Sketch a residual plot that illustrates a violation of a particular assumption (non-linearity, non-constant variance or non-normality).

Given a residual plot, describe evidence you see for violations of the regression assumptions.

Suggest a remedy for a particular violation.

Describe three ways a point may be considered “unusual”.

Name three case influence statistics and describe conceptually how they measure “unusualness”.

Identify from a scatterplot (in the simple linear regression case) if a point is likely to be high leverage, influential and/or an outlier.

Describe a limitation of case influence statistics.

Describe what is meant by multicollinearity.

Describe how multicollinearity might be detected.

Discuss the consequences of multicollinearity.

Describe the assumption that generalized least squares is designed to relax.

Derive the generalized least squares estimates (for known \(\Sigma\)).

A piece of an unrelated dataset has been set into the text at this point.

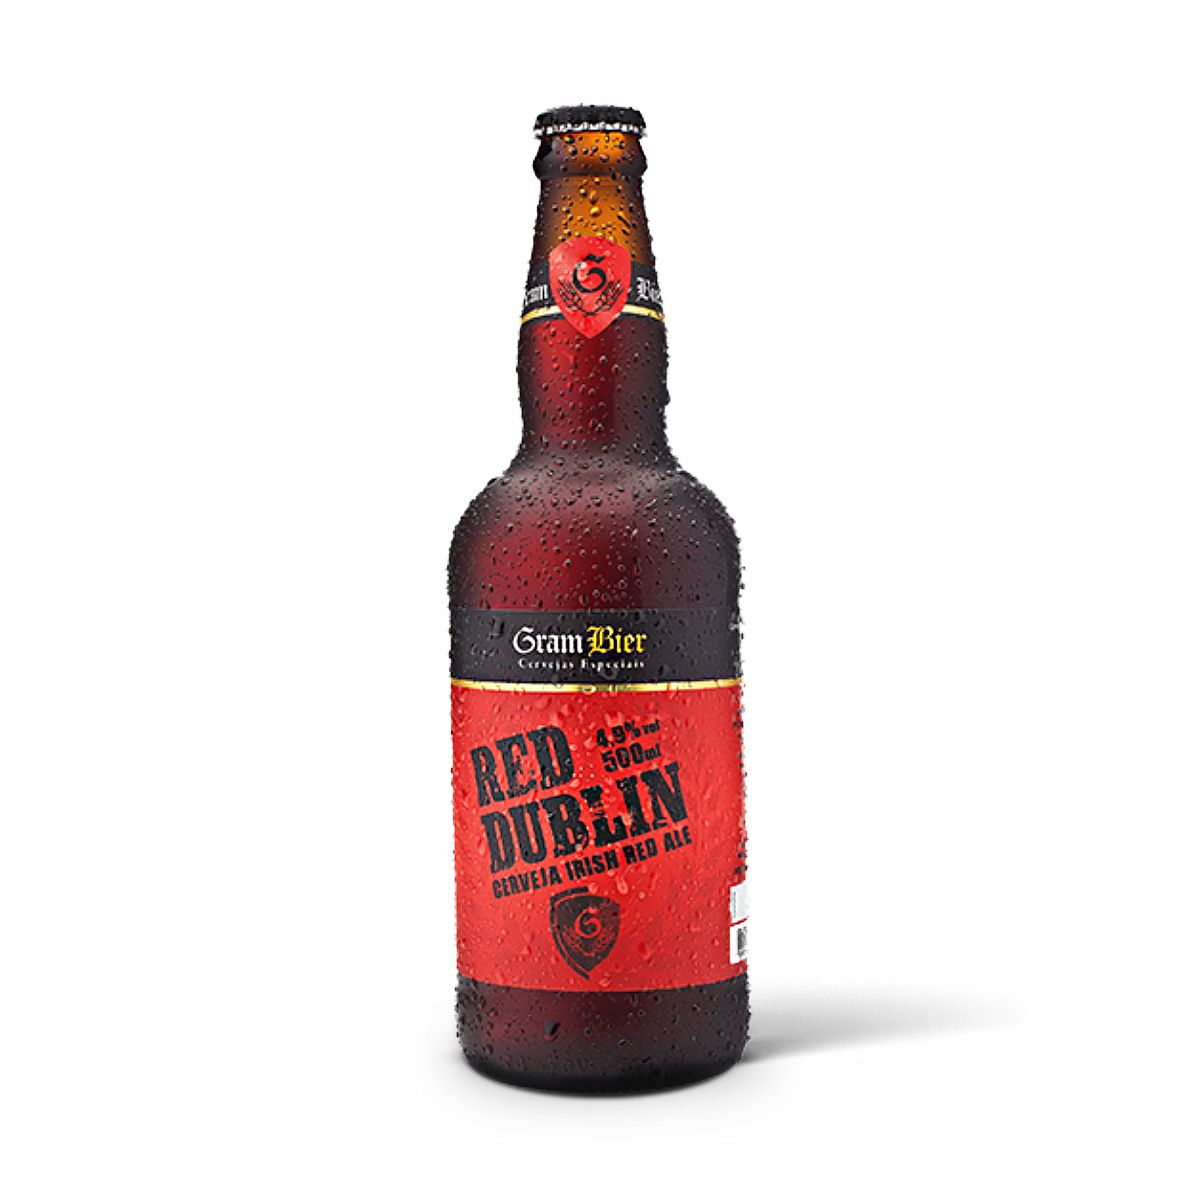 Gram Bier Irish Red Ale Red Dublin 500ml
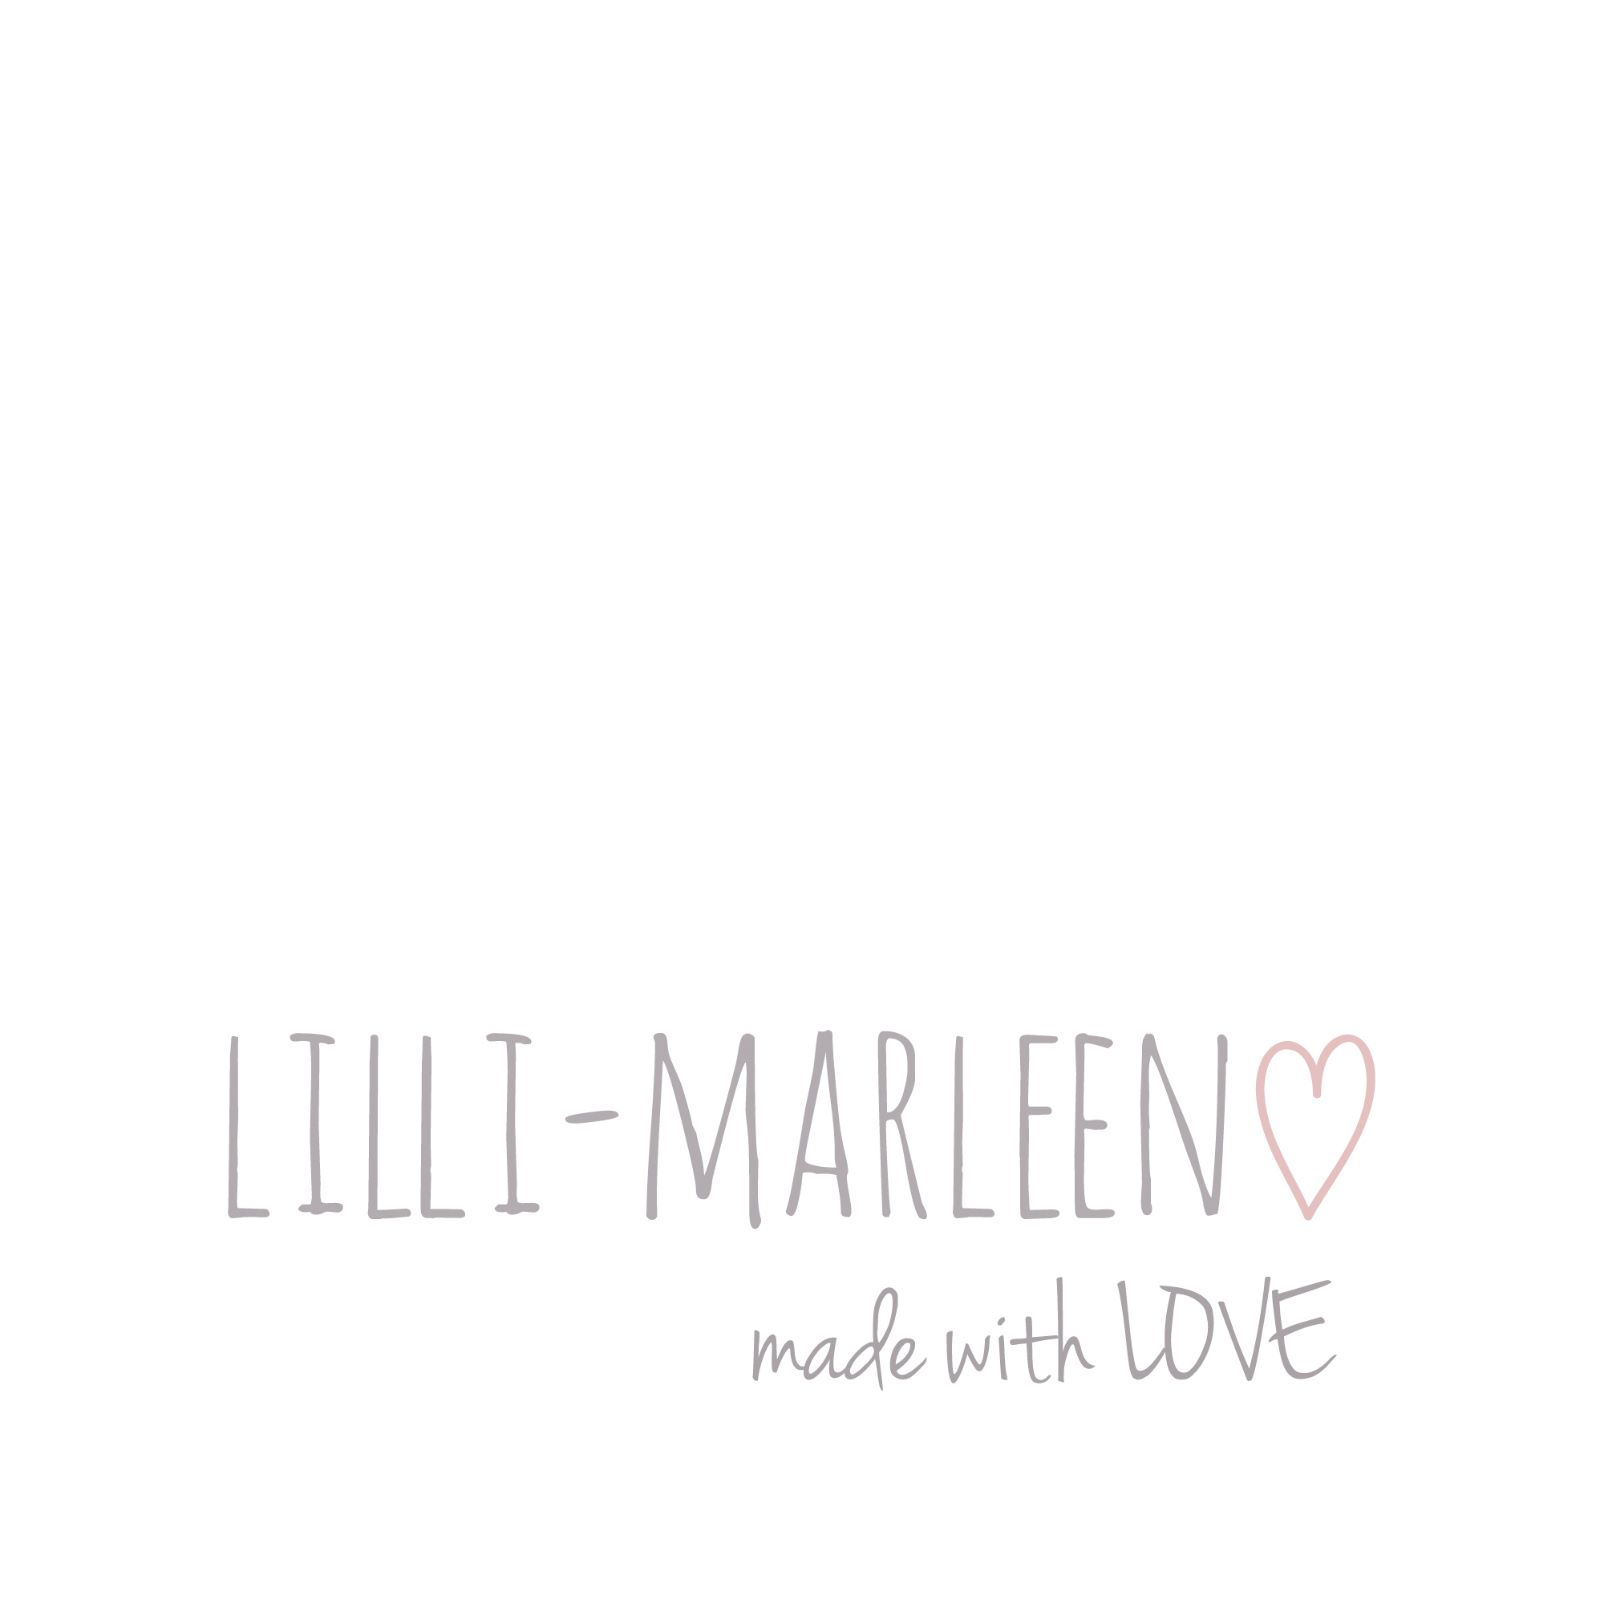 Lilli-Marleen. handmade with LOVE

Give an example of data where using weighted least squares is desirable.

Conduct a lack-of-fit test.

Interpret the result of a lack-of-fit test.

Describe the goal of robust regression techniques.

Describe why we might transform the response and/or the explanatory variables.

Choose a transform of the response based on a Box-Cox plot.

Interpret a parameter estimate based on a regression with a log transformed response.

State the additional assumption required to make inferences about medians in a regression using a log transformed response.

Give a reason why variable selection might be recommended.

Give a reason why variable selection might be avoided.

Describe the process of model selection by forward selection/backward elimination.

Give an advantage and a disadvantage of stepwise methods.

Perform one step of forward selection/backward elimination.

Name and describe four model selection criteria.

Discuss the similarities and differences between model selection criteria.

Discuss why it is dangerous to use the same data to fit a predictive model and to evaluate the model’s predictive ability.

Describe two regularized regression methods.

Describe why might we prefer biased estimates (or predictions).

Describe/sketch an example of a predictive model that would have low/high variance and low/high bias.

Discuss the difference in goals between explanation and prediction.

Describe the difference between linear and logistic regression models.

Describe the difference between linear and non-linear regression models.